Image-to-speech (ITS) is the task of generating a spoken description of an image, in a language that has no written form. ITS can be trained and tested as a neural sequence-to-sequence transduction problem, in which an input sequence of sub-images is encoded, attended, and converted into a sequence of phone symbols, from which an output audio signal can be generated. The quality of ITS output varies dramatically depending on the quality of the phone set. Cheating experiments using a known correct phone set resulted in intelligible and meaningful spoken descriptions, but experiments using a cross-language phone set, or one automatically created using unsupervised methods, do not. Extrapolating beyond current experimental results, a simulated annealing algorithm will be presented that may be capable of finding the globally optimal phone set for matching a given ITS training database.

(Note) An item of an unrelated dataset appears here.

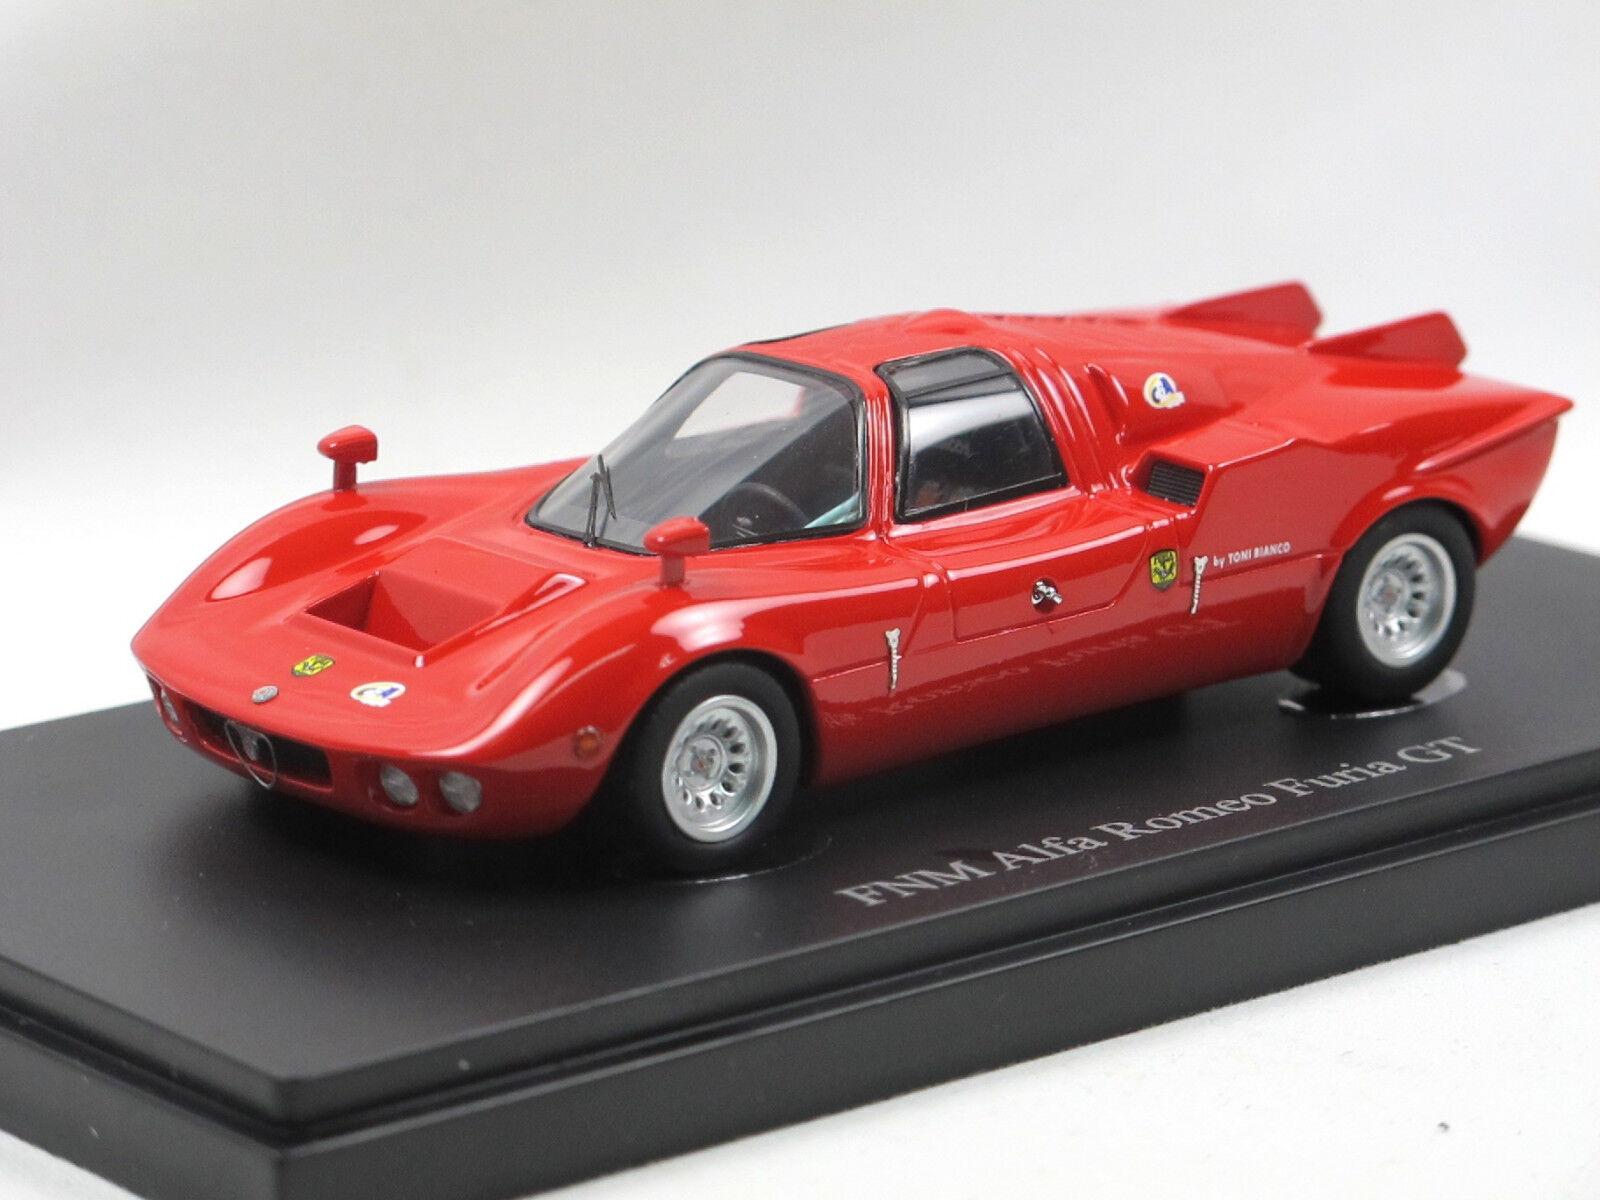 Autocult 05026 1971 fnm alfa romeo gt brasilien furia verrotten 1 43 limited edition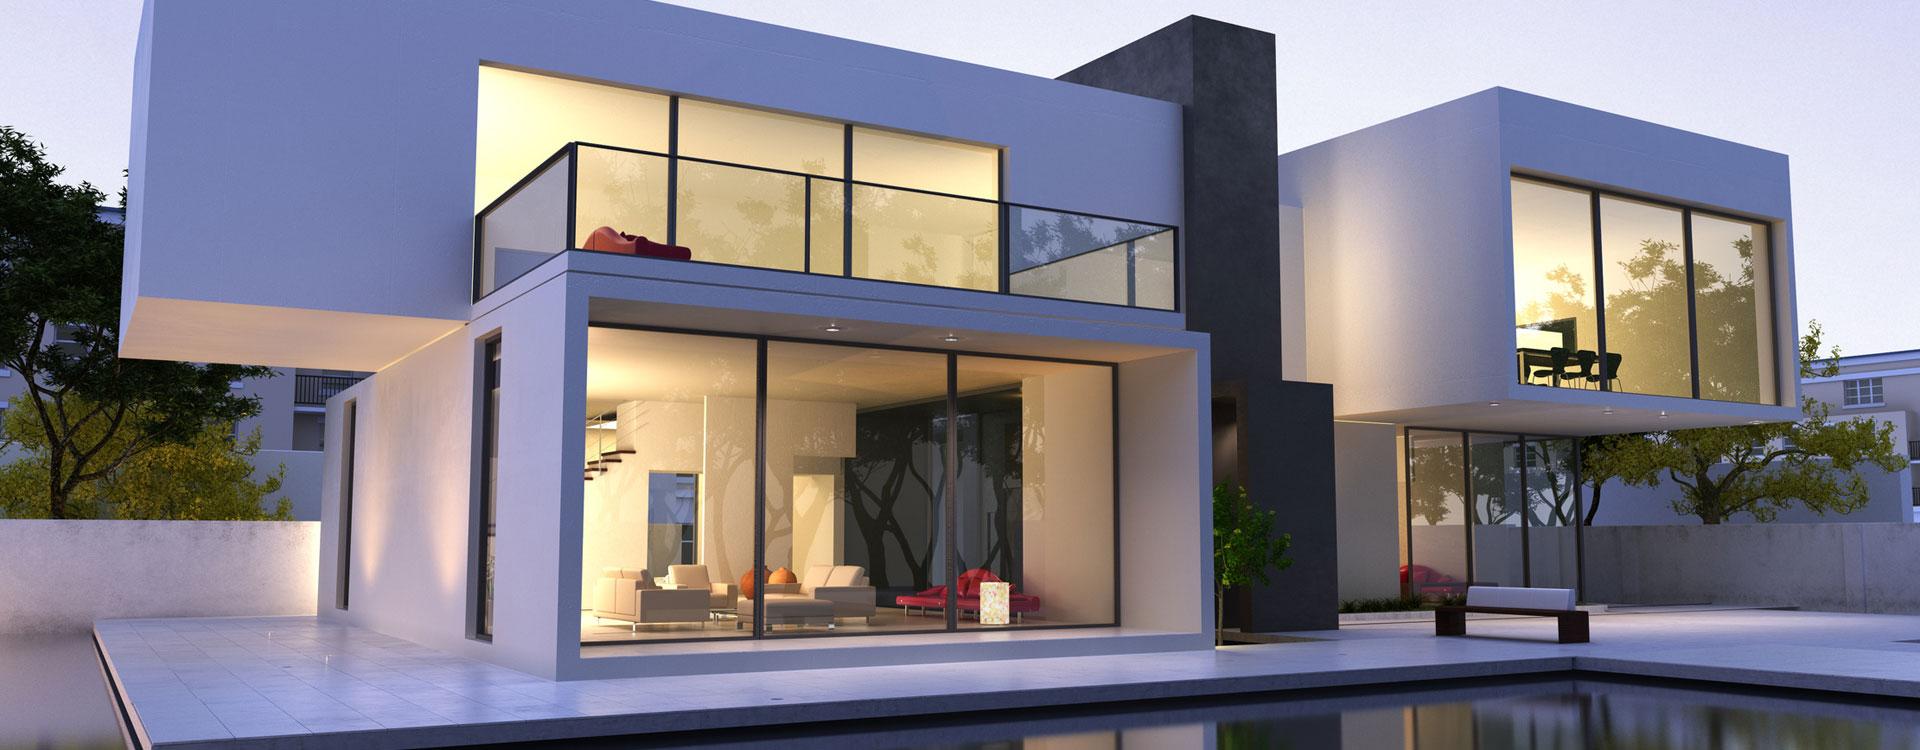 mc menuiseries menuisier certifi profils syst mes sur. Black Bedroom Furniture Sets. Home Design Ideas

Speech-to-chat (STC) is the task of converting speech into a variably spelled transcription in the Latin alphabet, similar to the Latin-alphabet transcriptions used in online chat forums to represent colloquial dialects of multi-register languages such as Arabic and Hindi. Such chat transcripts can be easily collected, even from non-speakers of the language. When a non-speaker of the language writes down what she hears using a chat alphabet, she tends to map every phoneme in the utterance language to the most similar phoneme in her own language, where similarity can be defined by a weighted L1 distance between articulatory feature vectors. For this reason, the speech-to-chat paradigm allows us to infer a phone set that's actually pretty close to the unknown phoneme set of the unwritten language. Experiments were performed in which pseudo-under-resourced languages (Cantonese and Vietnamese, neither of which is truly "unwritten," though few people know how to write Cantonese) were transcribed by native speakers, and phonemic transcripts were generated from their transcriptions. Chat-alphabet transcriptions by non-speakers of Cantonese were then clustered in order to estimate the phonemic transcript. Extra information about the Cantonese phonemes (e.g., elicited from non-native transcribers with more than one native language) improves the quality of transcription.
We interpret these two results to mean that defining a better phone set for an unwritten language improves the quality of both image-to-speech and speech-to-chat applications.